• **STORED DATA**
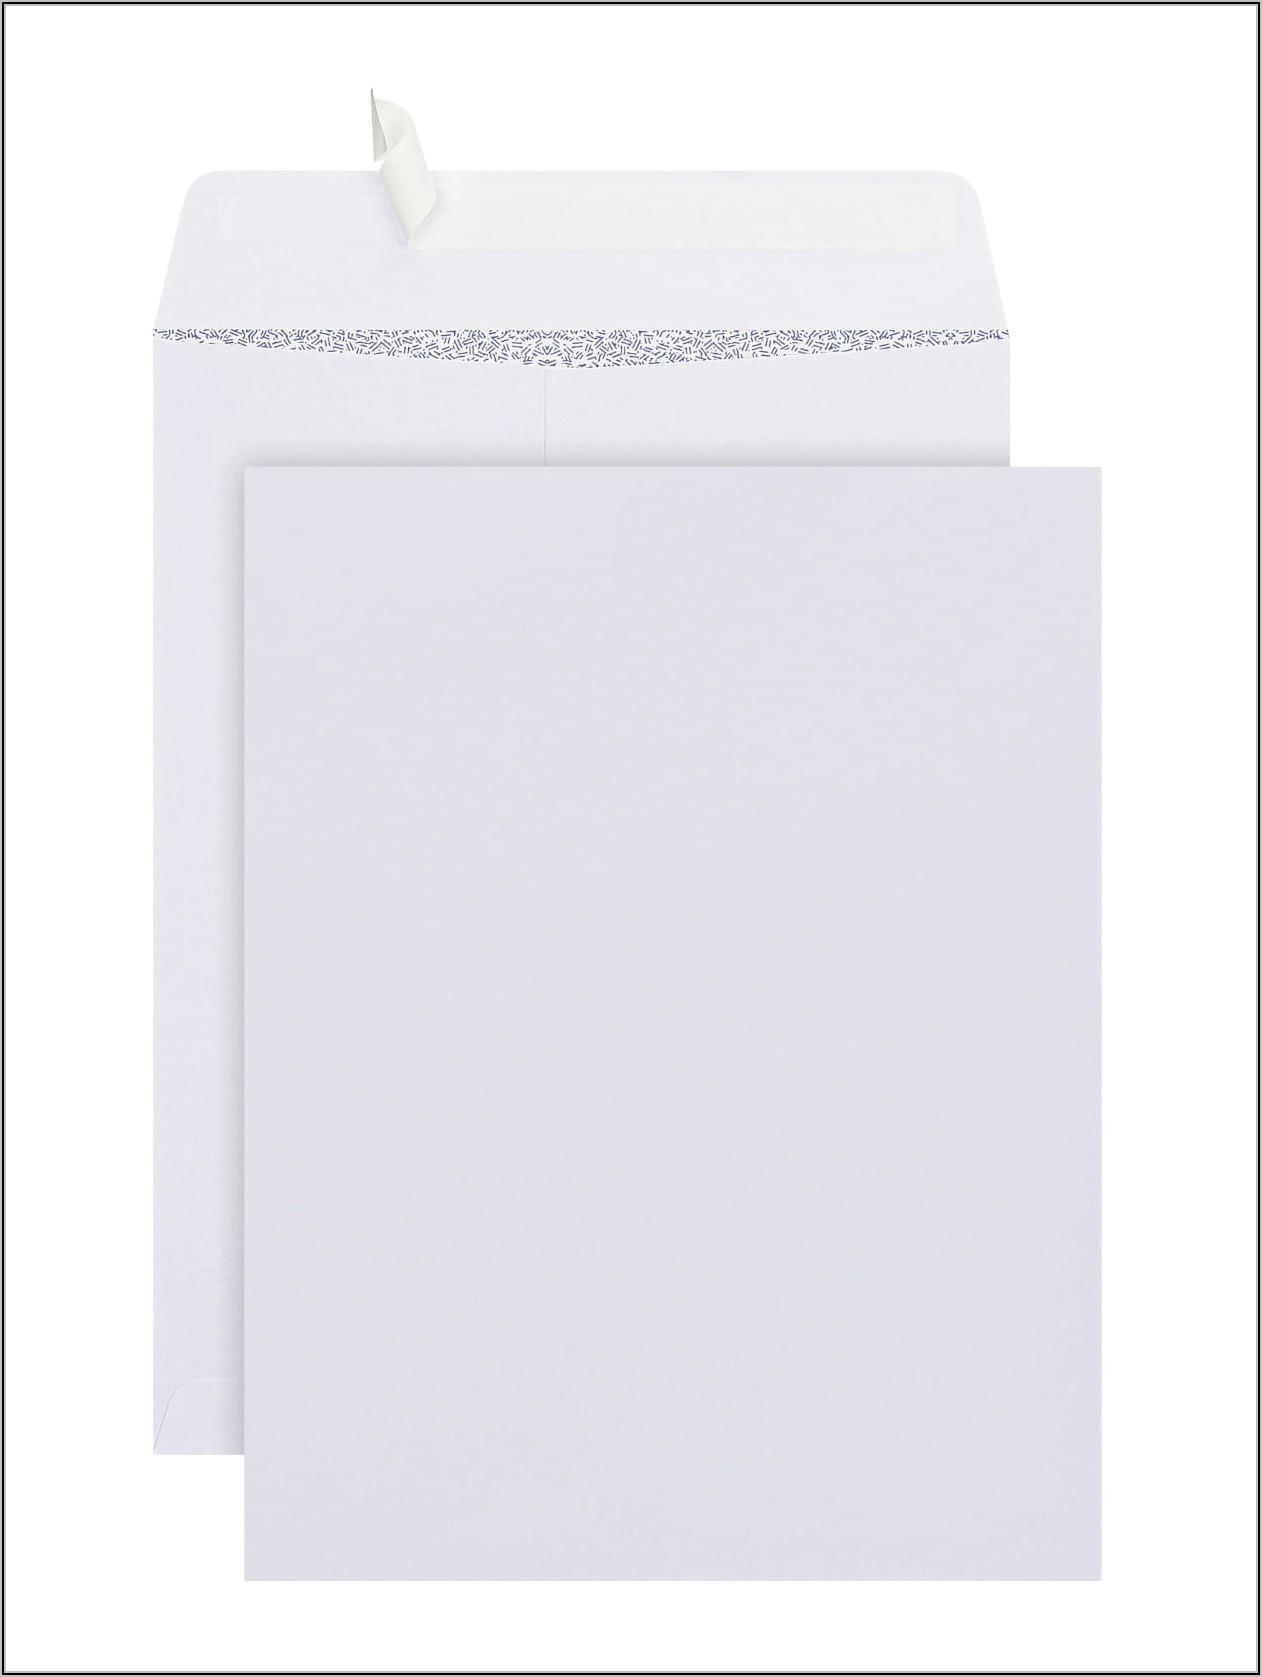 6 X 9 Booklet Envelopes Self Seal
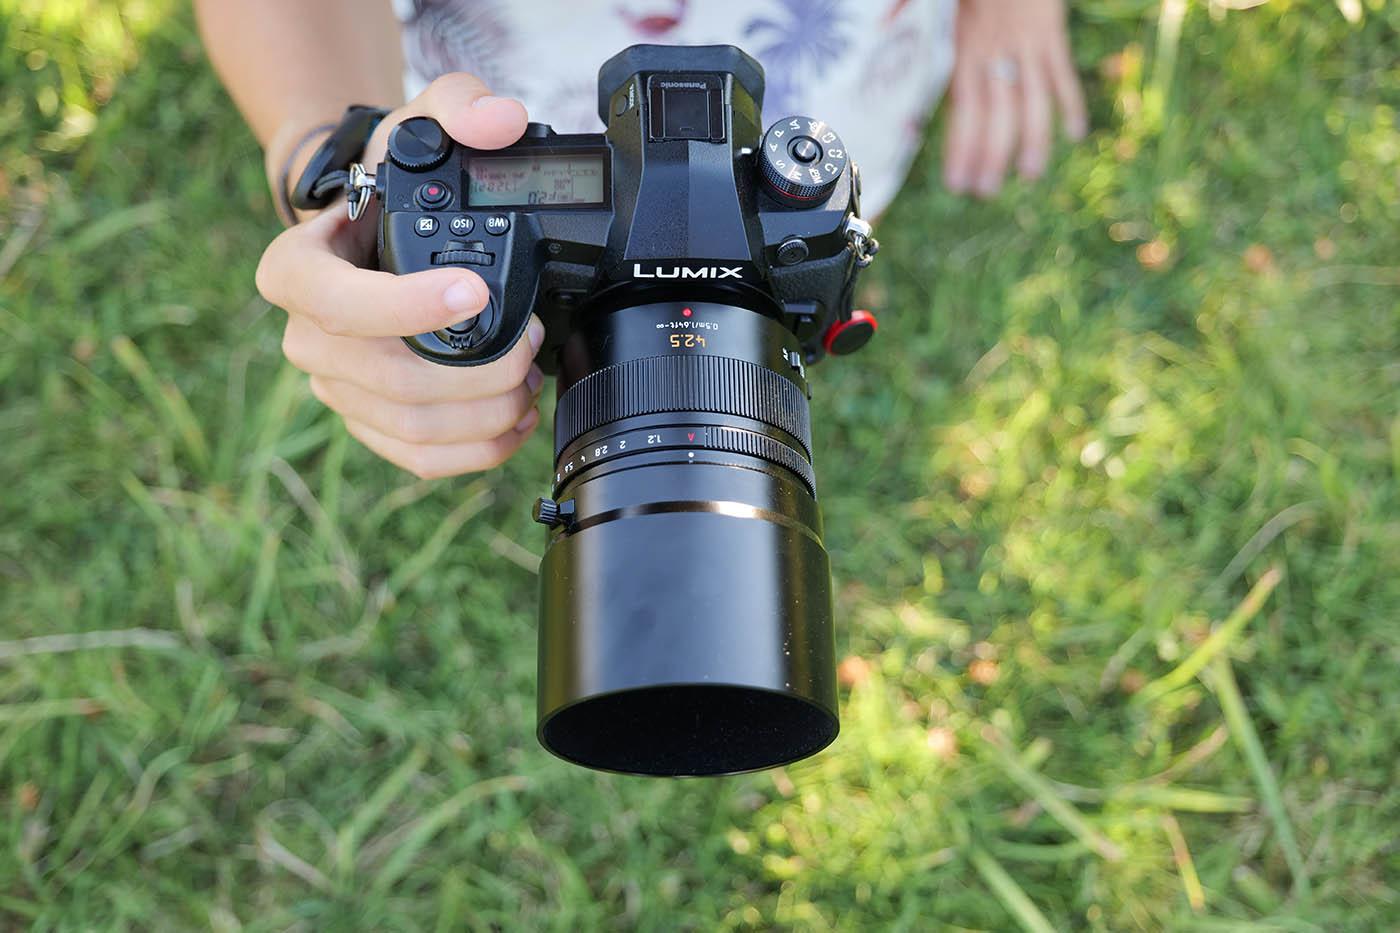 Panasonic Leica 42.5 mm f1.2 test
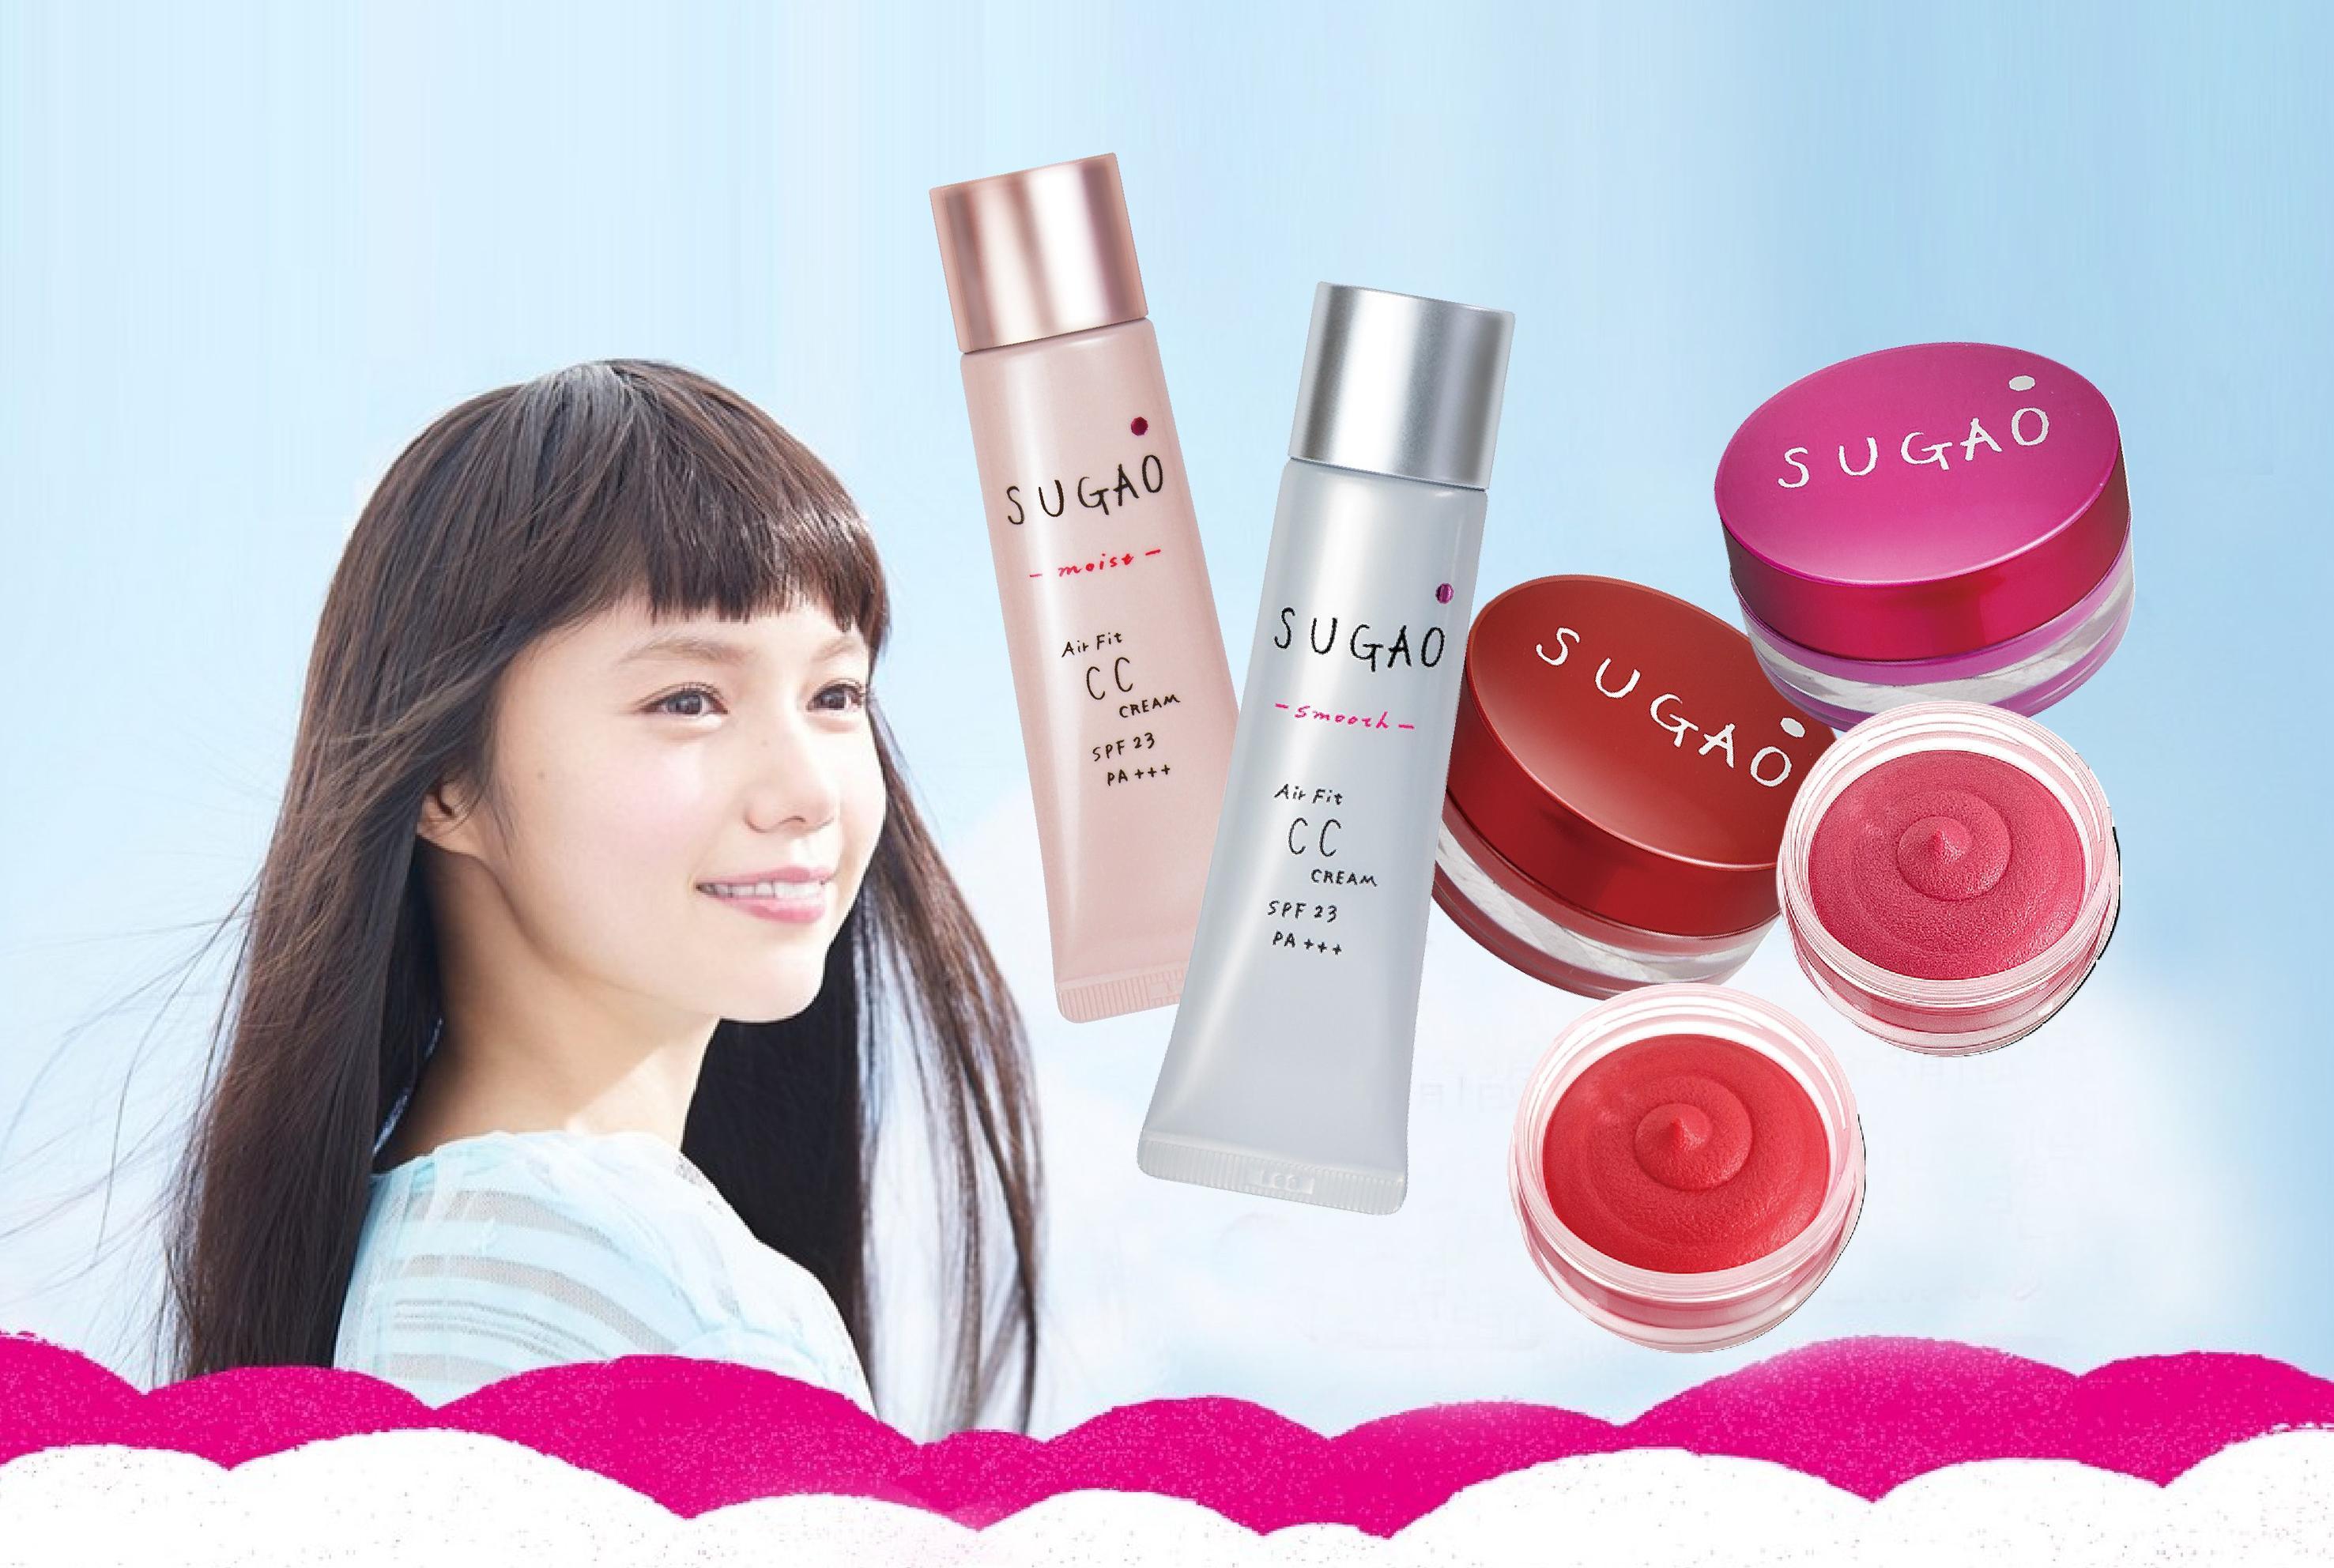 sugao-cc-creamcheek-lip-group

• **YOUR GOAL**
In the answer, all of the material should appear exactly as given, with no picture carried over.

• **TASK RESULT**
 6 X 9 Booklet Envelopes Self Seal
 Panasonic Leica 42.5 mm f1.2 test
 sugao-cc-creamcheek-lip-group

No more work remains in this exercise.